■ **TASK DESCRIPTION**: In the material below, print every line exactly and omit the pictures.

■ **DATASET SECTION**:
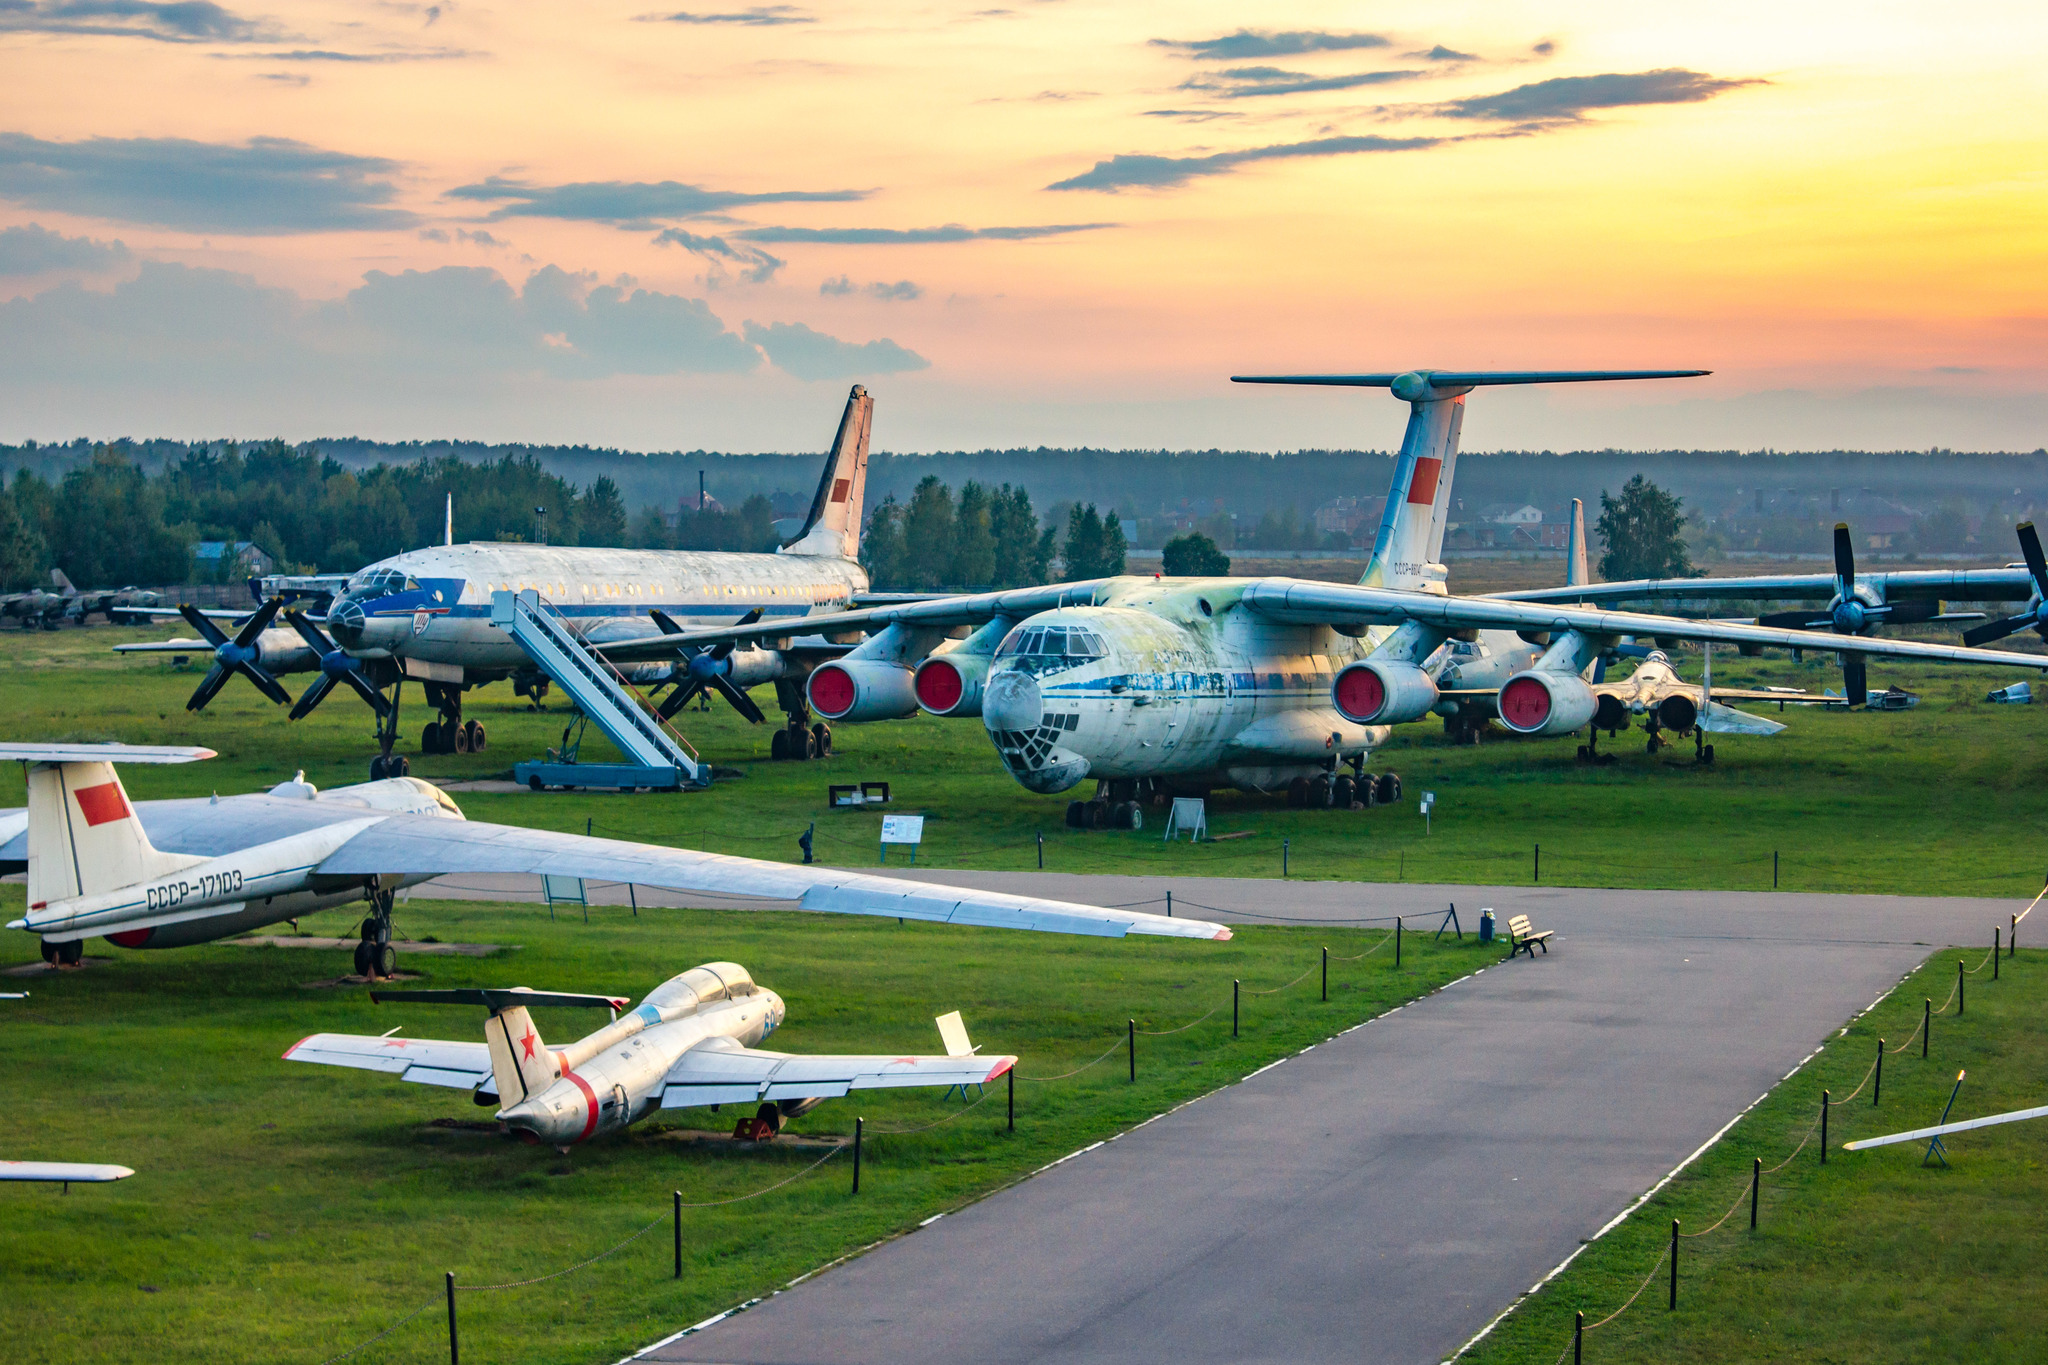 Another picturesque sunset at Monino National Aviation Museum - My, Monino, Air Force Museum in Monino, Museum, Aviation Museum, Airplane, Aviation, Air force, Longpost, BBC Museum
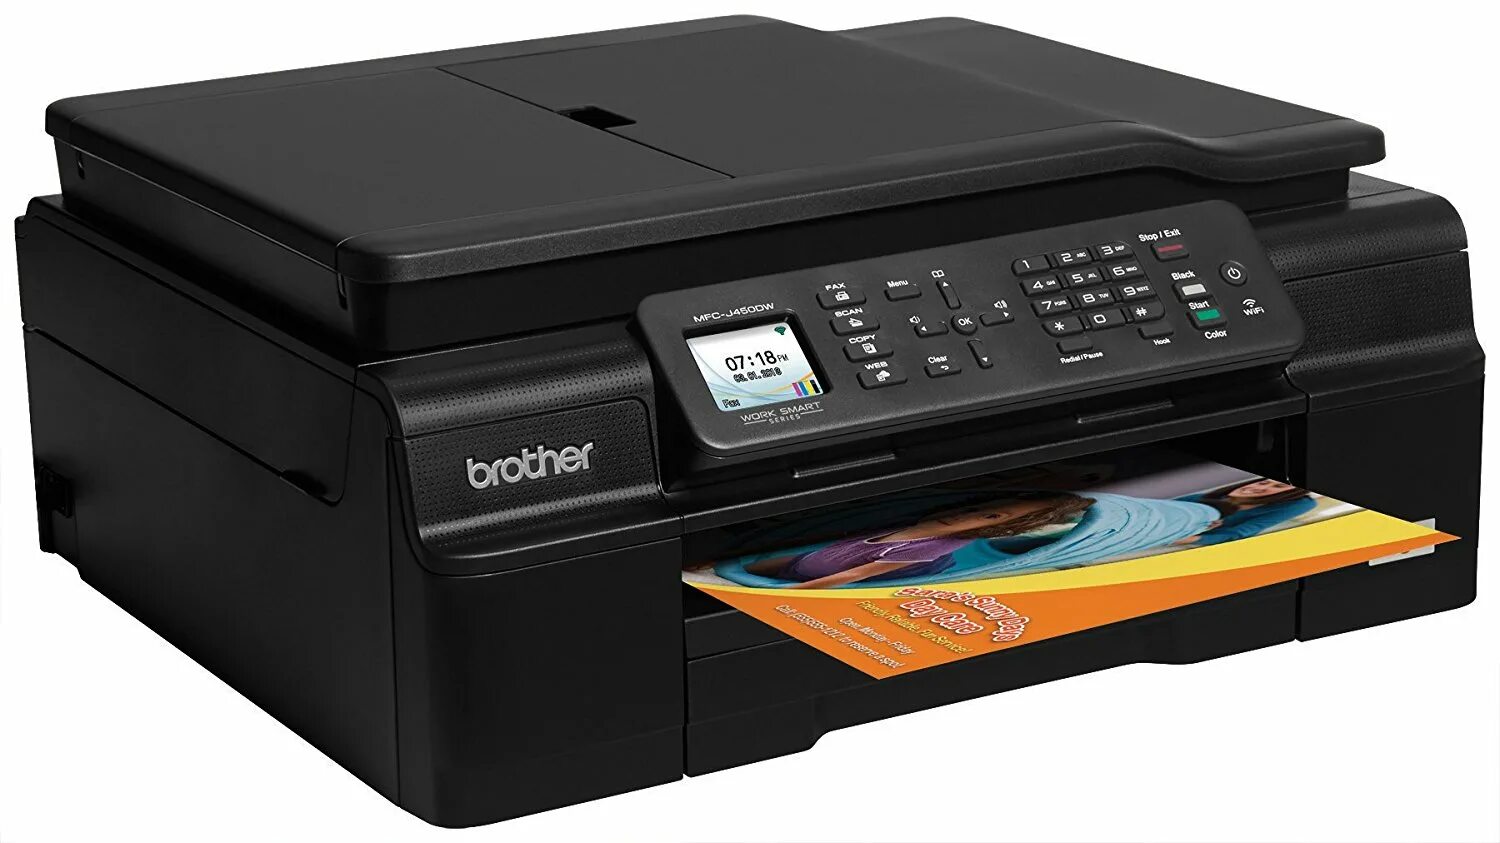 Brother print. МФУ brother MFC-j825dw. Brother MFC-7820nr. МФУ brother MFC-t4500dw. Лазерное МФУ brother MFC-l6900dw.
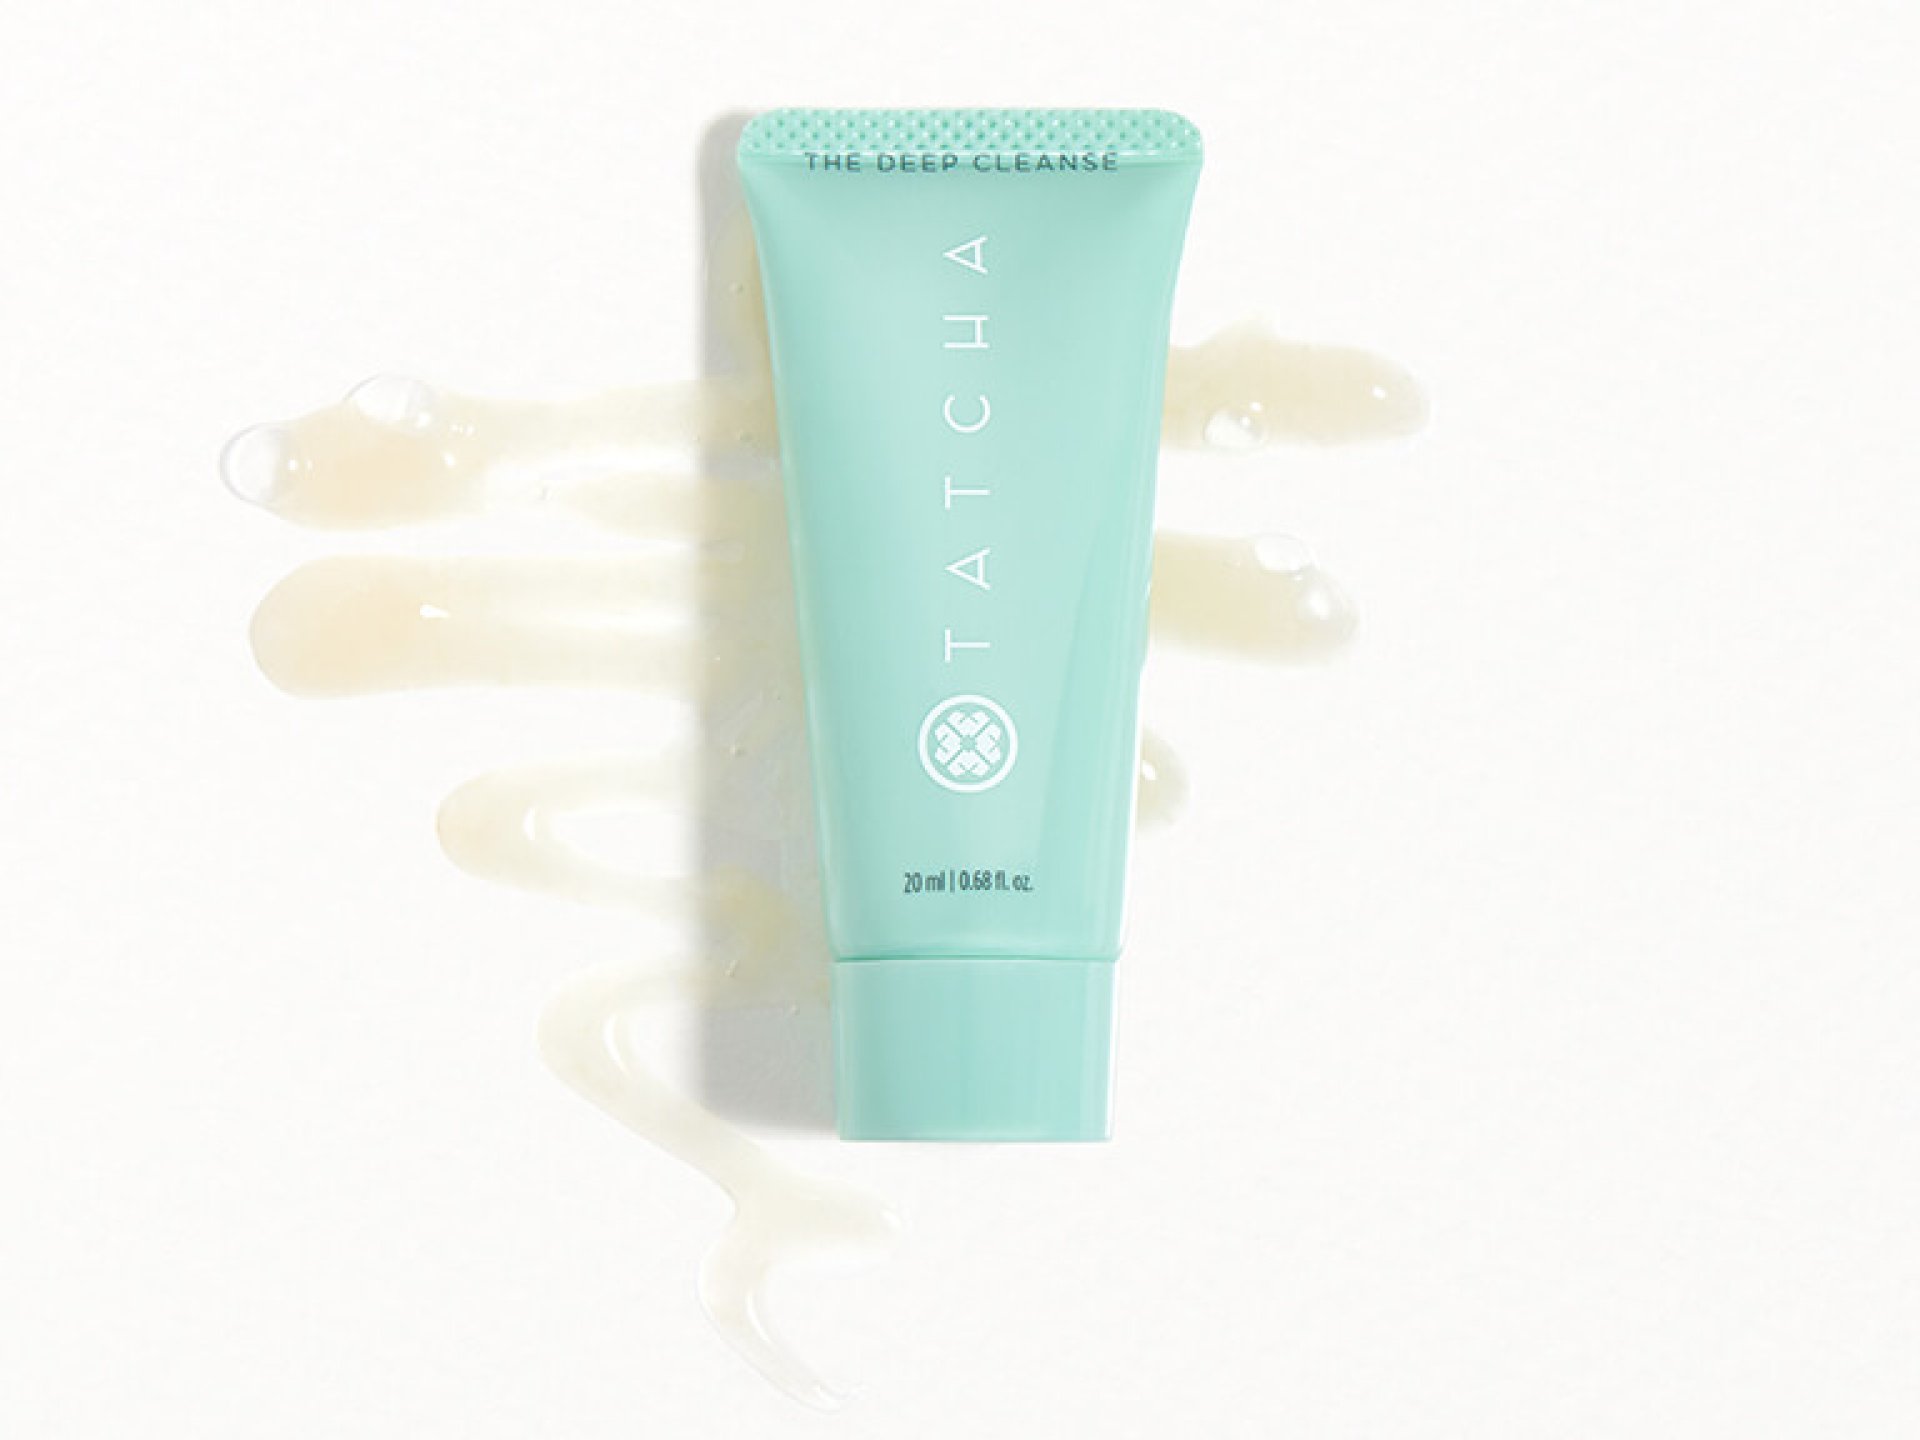 TATCHA The Deep Cleanse Gentle Exfoliating Cleanser

■ **SOLVED PROBLEM**:
 Another picturesque sunset at Monino National Aviation Museum - My, Monino, Air Force Museum in Monino, Museum, Aviation Museum, Airplane, Aviation, Air force, Longpost, BBC Museum
 Brother print. МФУ brother MFC-j825dw. Brother MFC-7820nr. МФУ brother MFC-t4500dw. Лазерное МФУ brother MFC-l6900dw.
 TATCHA The Deep Cleanse Gentle Exfoliating Cleanser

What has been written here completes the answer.